Hilarious and Eye-Opening5
A book about legalese? I was skeptical, but this book grabbed me from the start. As a lawyer and an English major, I've always wanted to know where legal language took a wrong turn. As Freedman explains, legalese got to where it is today by taking lots and lots of wrong turns. Like the legal tendency toward redundancy: "will and testament" "fit and proper" "breaking and entering." These phrases developed after the Norman Conquest when lawyers and clients switched back and forth between Anglo-Saxon and French (in each case, one word is Anglo-Saxon and the other is French). Not only is the book informative, but it's also laugh-out-loud funny, especially when Freedman describes the bizarre resistance of lawyers to using "plain English" in place of their cherished legalese.
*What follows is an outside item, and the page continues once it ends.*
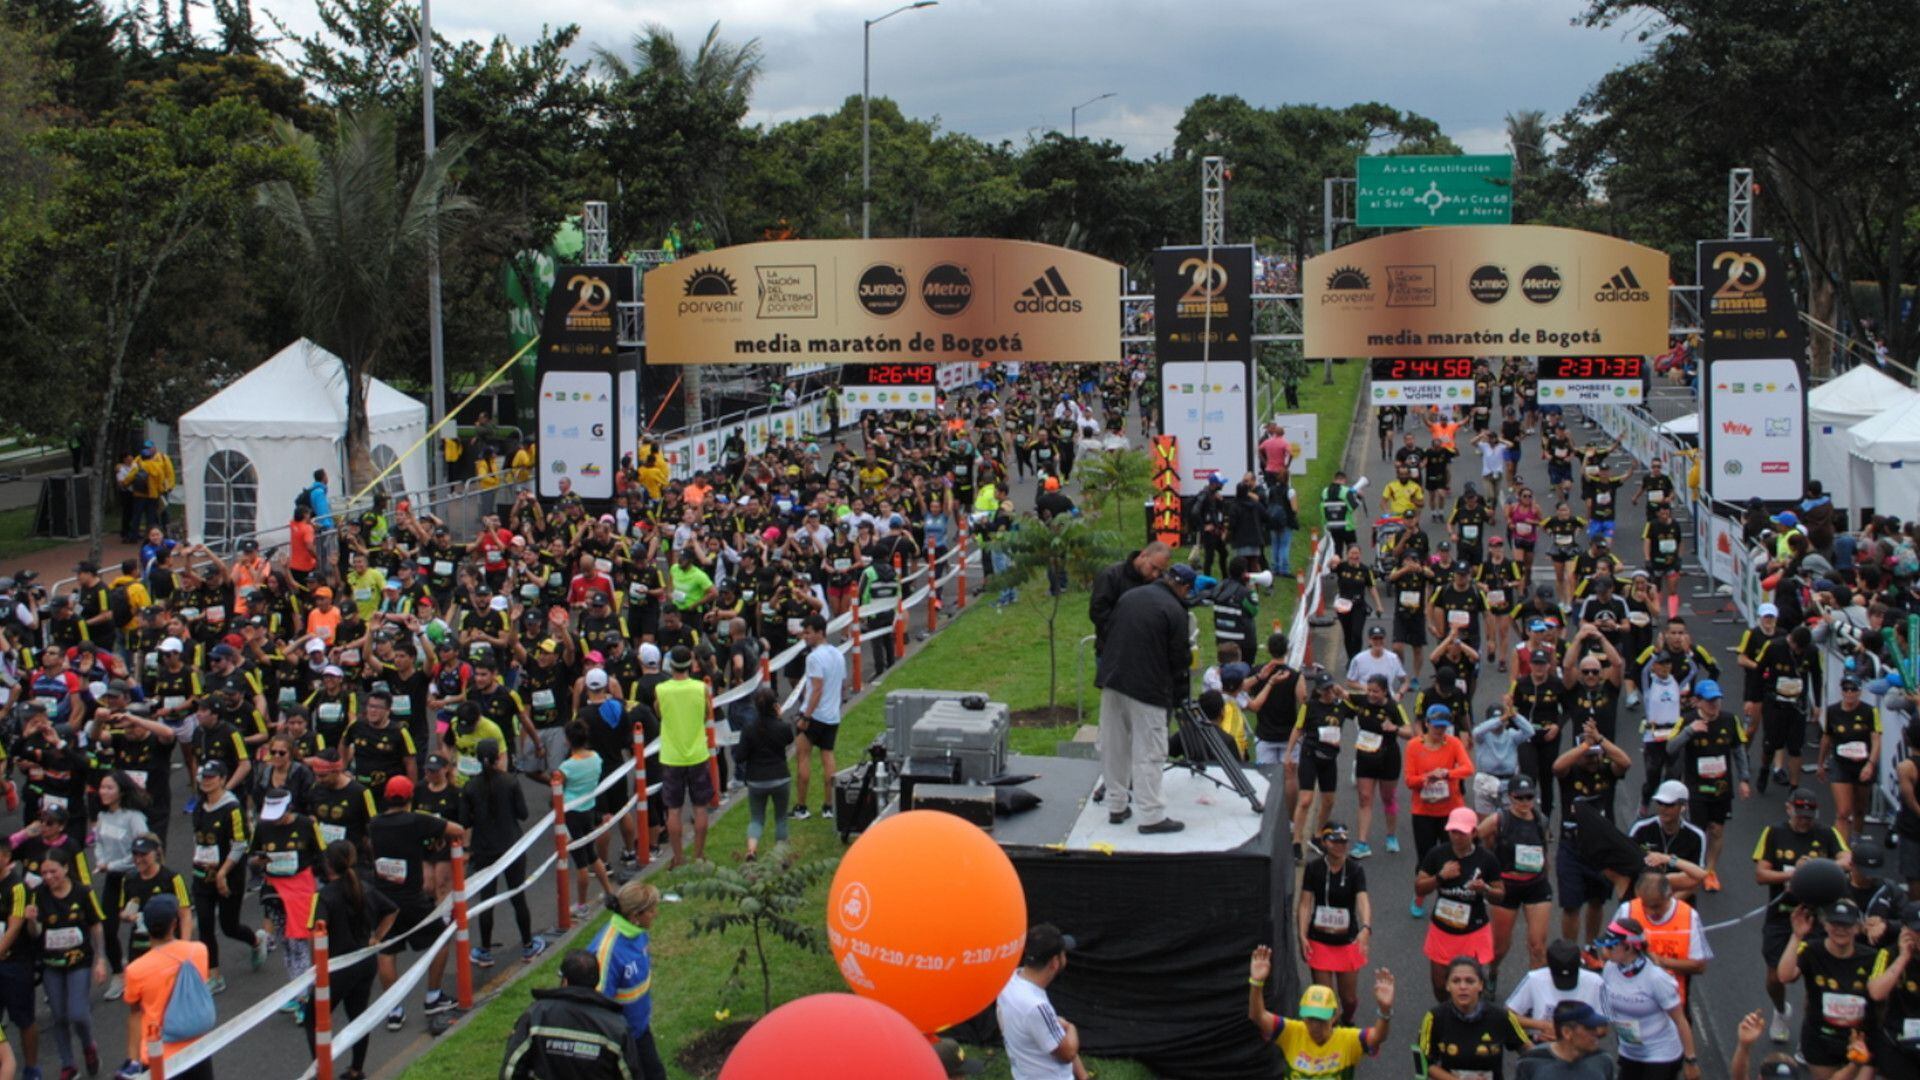 35.000 atletas participarán en la Media Maratón de Bogotá este domingo 2 de octubre. Foto: Media Maratón de Bogotá

In a perfect world this book would be required reading5
"The Party of the First Part" is an erudite, hilarious tour through 21st Century American legalese. Alan Freedman leads us through the ankle-grabbing underbrush of redundancy, dead phrases, faux Latin, and mindless obfuscation into which every reader - and writer - of legal documents eventually must stagger.
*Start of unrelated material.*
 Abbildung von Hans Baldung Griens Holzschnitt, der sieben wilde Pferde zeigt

Freedman is a sure-footed guide who knows the territory. Time and again, he yanks up a hoary word or phrase and shows us its tangled roots.

Sometimes we find, clutching a root with a deathgrip, an advocate of the so-called "Precision School" of legal drafting. These lawyers and profs fear that awful chaos would result if lawyers quit using ancient Anglo/French/Latin phrases, in favor of words used by 21st Century Americans in everyday life. Chaos? Well gosh, people might have to *sue* if they can't agree what a word or phrase written in 21st Century English means. Uh-huh, thinks I: as if they aren't already suing by the thousands over the meaning of Roman-numeraled legal documents bristling with boilerplate clunkers such as "witnesseth," "hereinabove," "aforementioned," "covenant and agree," and "hereunto."
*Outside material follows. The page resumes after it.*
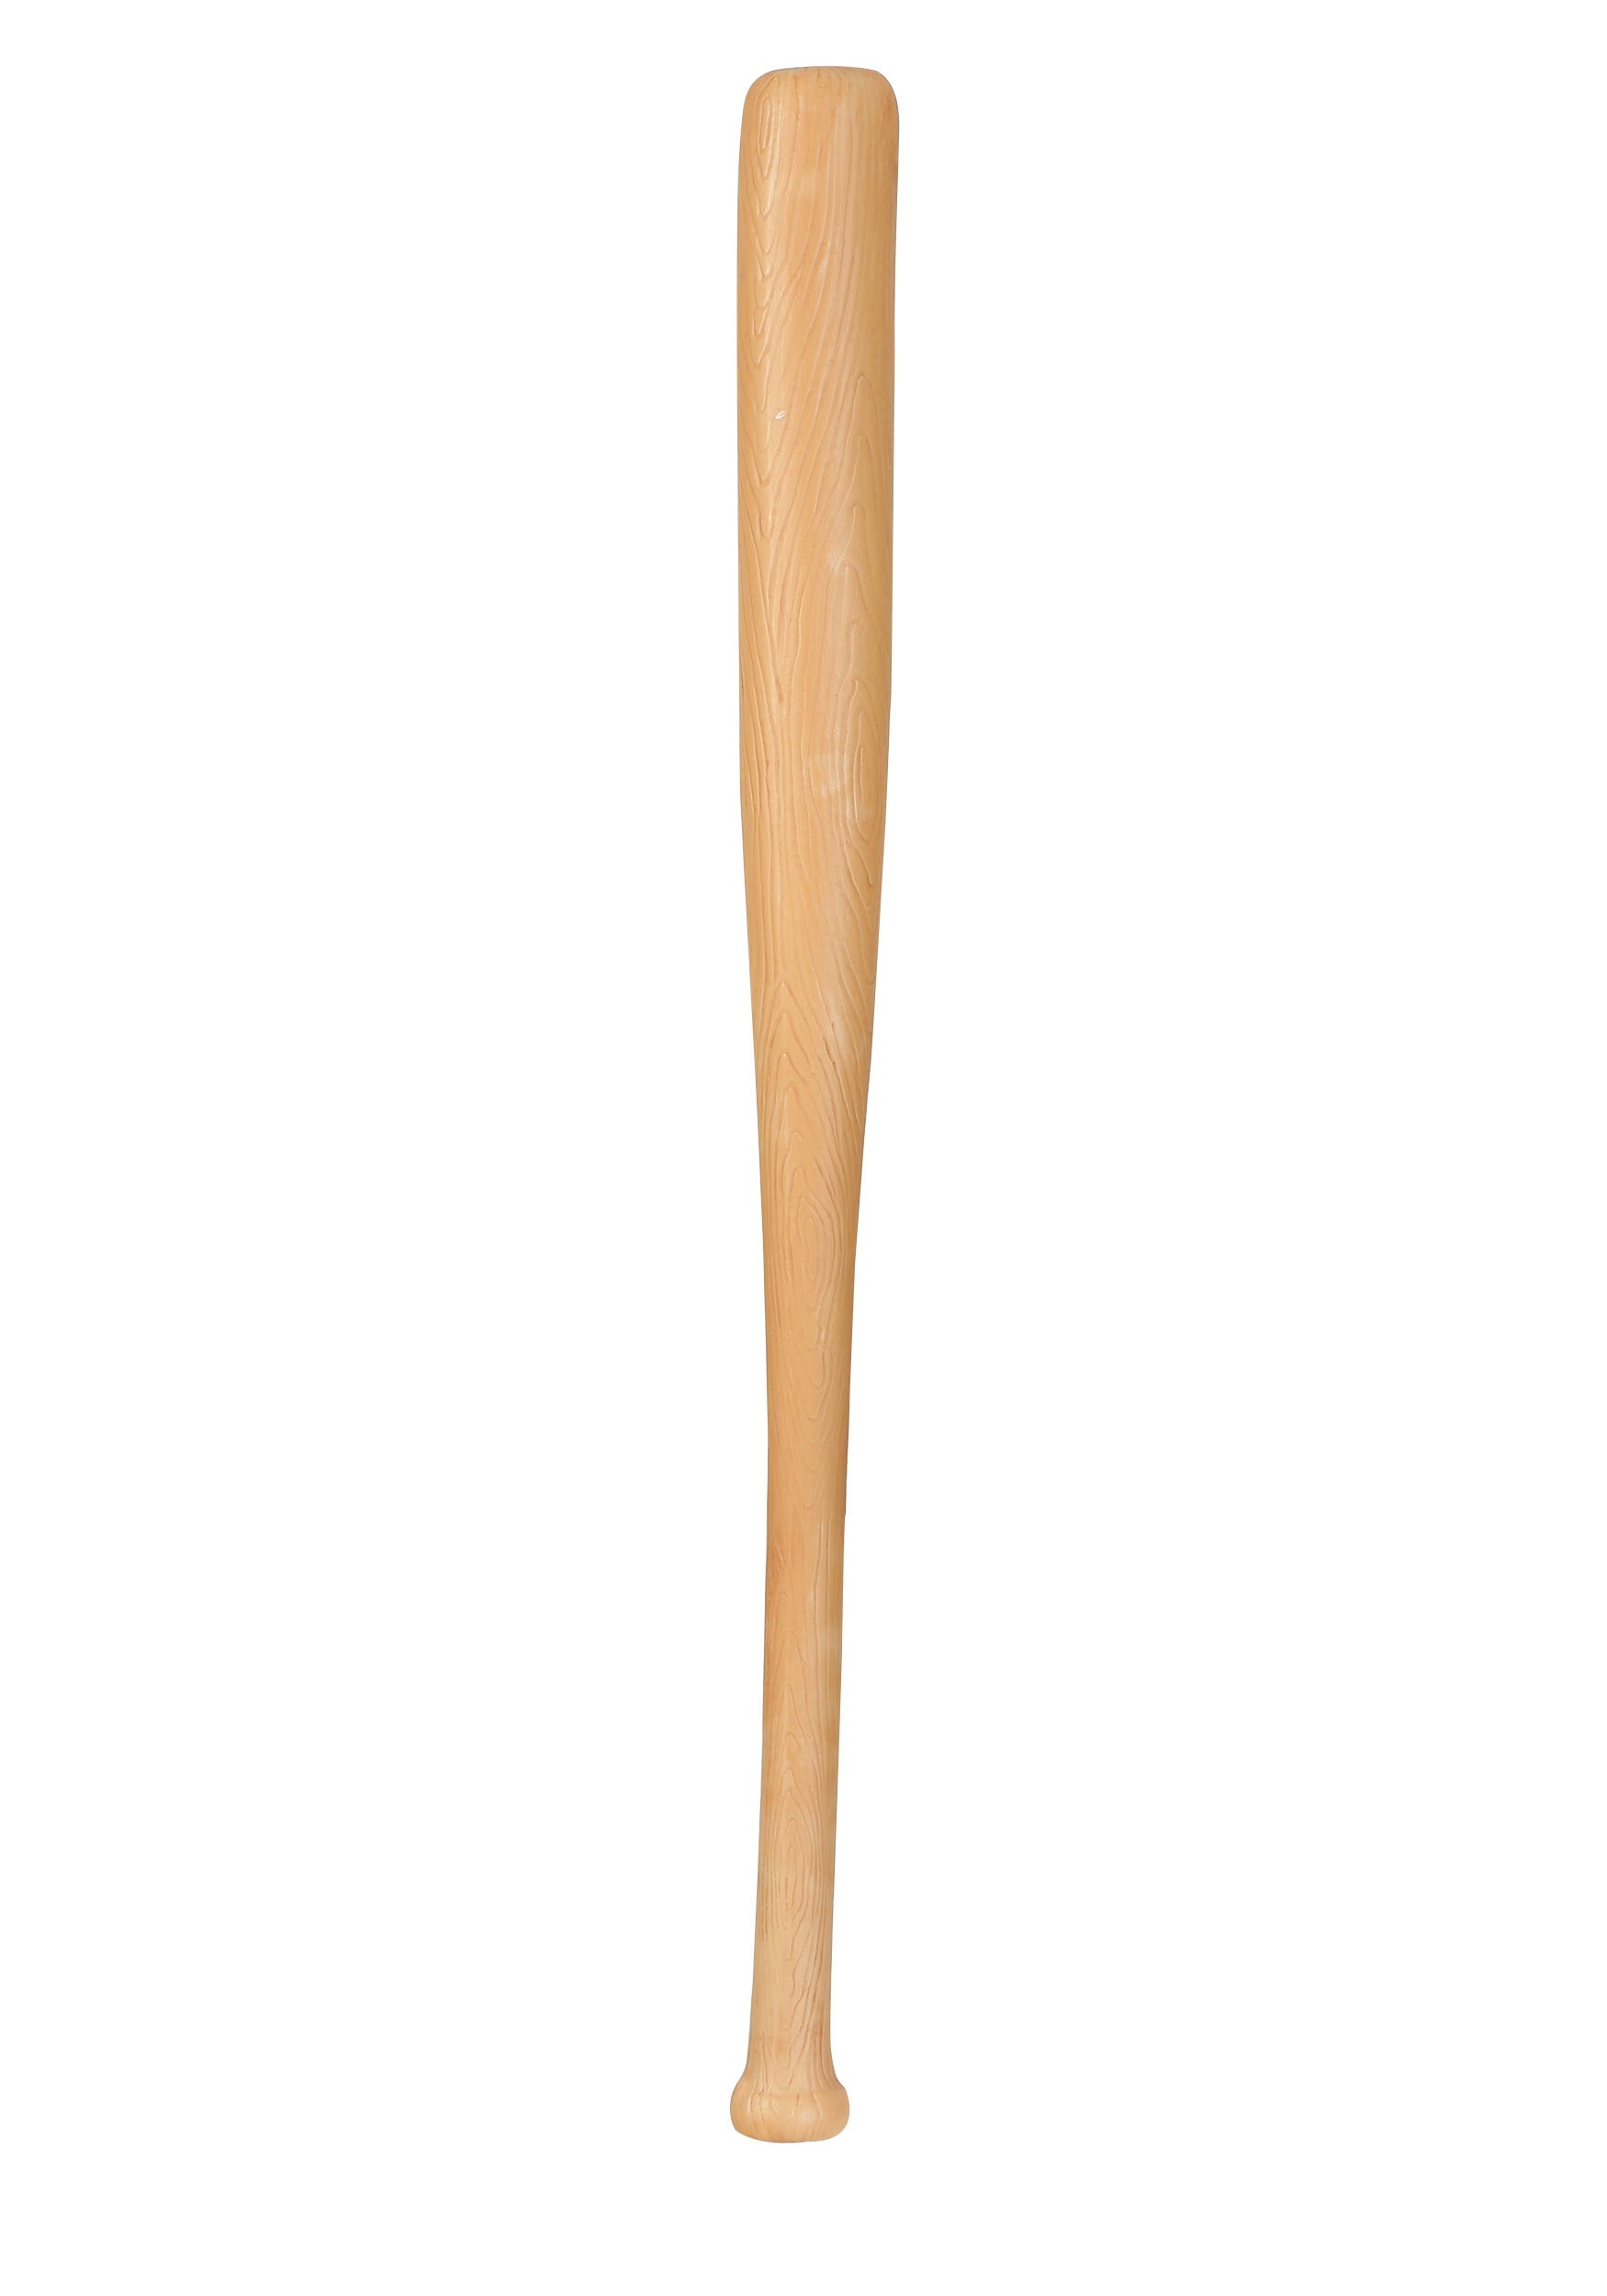 Wood Look Plastic Baseball Bat For Adults

This book should be required reading for every law student, law professor, judge and lawyer in the United States. It encourages those among us who want to write clearly when drafting legal documents. I hope it will at least give pause for thought to our colleagues who never met a hundred-word clause in the passive voice, that they didn't like.

Legaleazy4
Mr. Freedman's "The Party of the First Part" is a much more humorous review of Law School. Freedman covers Torts, Contracts, Criminal Law, Wills, Trusts, Estates and a multitude of other subjects that can even confuse some of the most academically gifted among us. I for one spent Law School in a haze because I felt like I was not getting the big picture. However, when I realized that the `law' does not have a big picture, I felt much more relaxed. Our Anglo-Saxon, Franco-Norman, Old English influenced law, as Mr. Freedman demonstrates, is a series of compromises and half-measures and it has always been that way. `Legalese' can be used as both a sword and a shield. For instance, Wills can be written in a way that makes sense to people, without any mention of the words "rest" "residue" or "remainder." But since these sounds good and lawyerly, it keeps showing up in Wills and Testaments. (Testament also being a redundancy too as Mr. Freedman demonstrates.) Thus, the odds of challenging a plain English Will and winning is much greater then one that packs more and more legalese in. Since legalese protects not only the lawyer and the client, legalese can also be used as a sword. For instance, why hire a lawyer if you could understand the documents that you are reading and signing? I encourage anyone to read this book to get a humorous side to a very dry topic.